The ombudsman was not impressed, pointing out on Friday that “when it comes to the right of public access to EU documents, it is the content of the document that matters and not the device or form.
“The narrow way in which this public access request was treated meant that no attempt was made to identify if any text messages existed. This falls short of reasonable expectations of transparency and administrative standards in the Commission,” O’Reilly said. “Not all text messages need to be recorded, but text messages clearly do fall under the EU transparency law, and so relevant text messages should be recorded. It is not credible to claim otherwise.”
She has now told the Commission to ask von der Leyen’s office for the texts, and if it finds them to then properly assess whether they should be released. The Commission said it will respond within her April 26 deadline.
The Commission has in the past couple of years already been heavily criticized for the secrecy surrounding its negotiations with vaccine makers. And this is not von der Leyen’s first rodeo with scandals relating to procurement matters and missing phone contents.
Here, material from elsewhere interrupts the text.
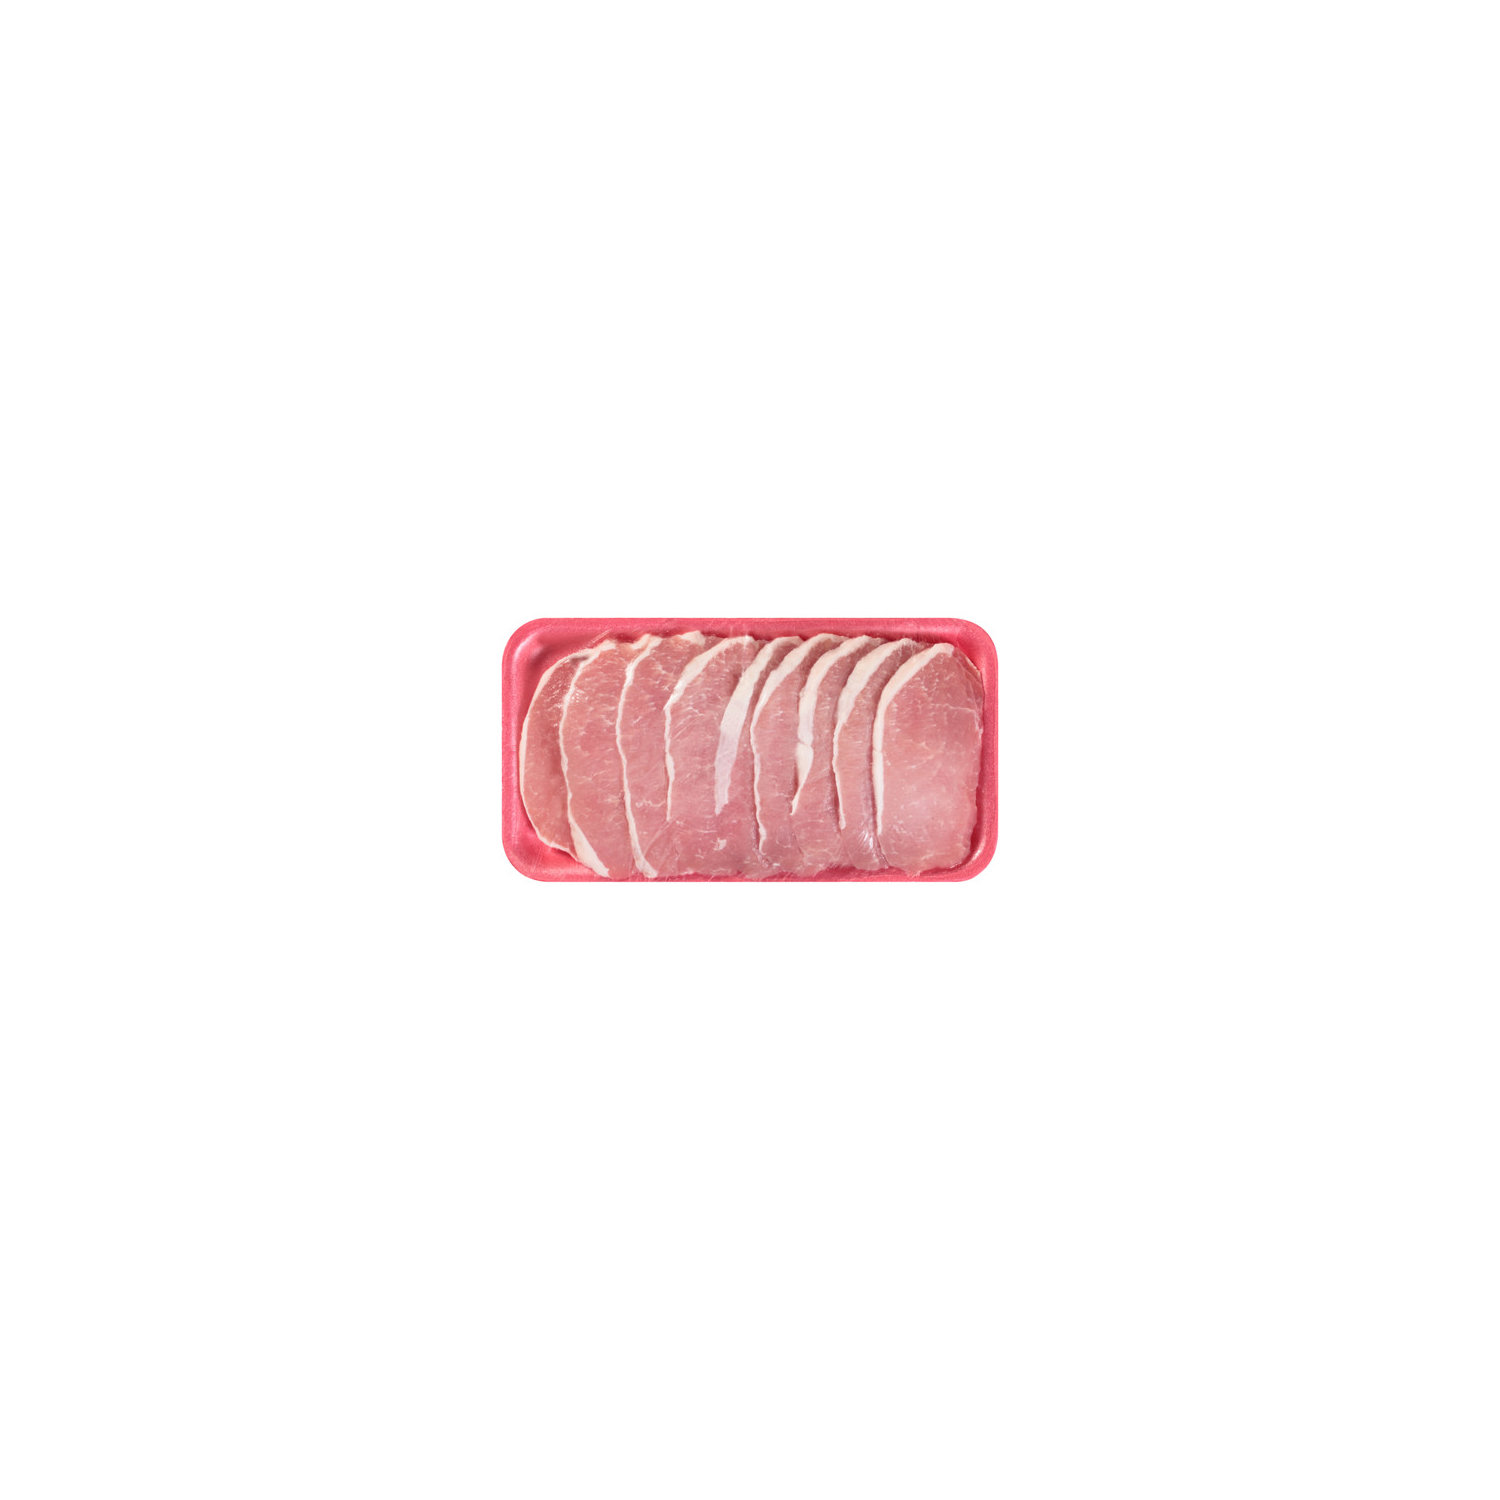 CR Thin Cut Boneless Pork Chop - Smart & Final

When she became Commission president in late 2019, she did so under the cloud of a German parliamentary investigation over contracts awarded during her previous tenure as the country’s defense minister. Von der Leyen was ultimately cleared in that inquiry, but not before it emerged that not one but two of her phones, which could have provided crucial evidence, had been wiped.
Pfizer had not responded to a request for comment at the time of publication. The U.S. company, which codeveloped its COVID vaccine with Germany’s BioNTech, estimated in November that the jab will have brought in $36 billion in 2021 revenue, with another $29 billion following this year.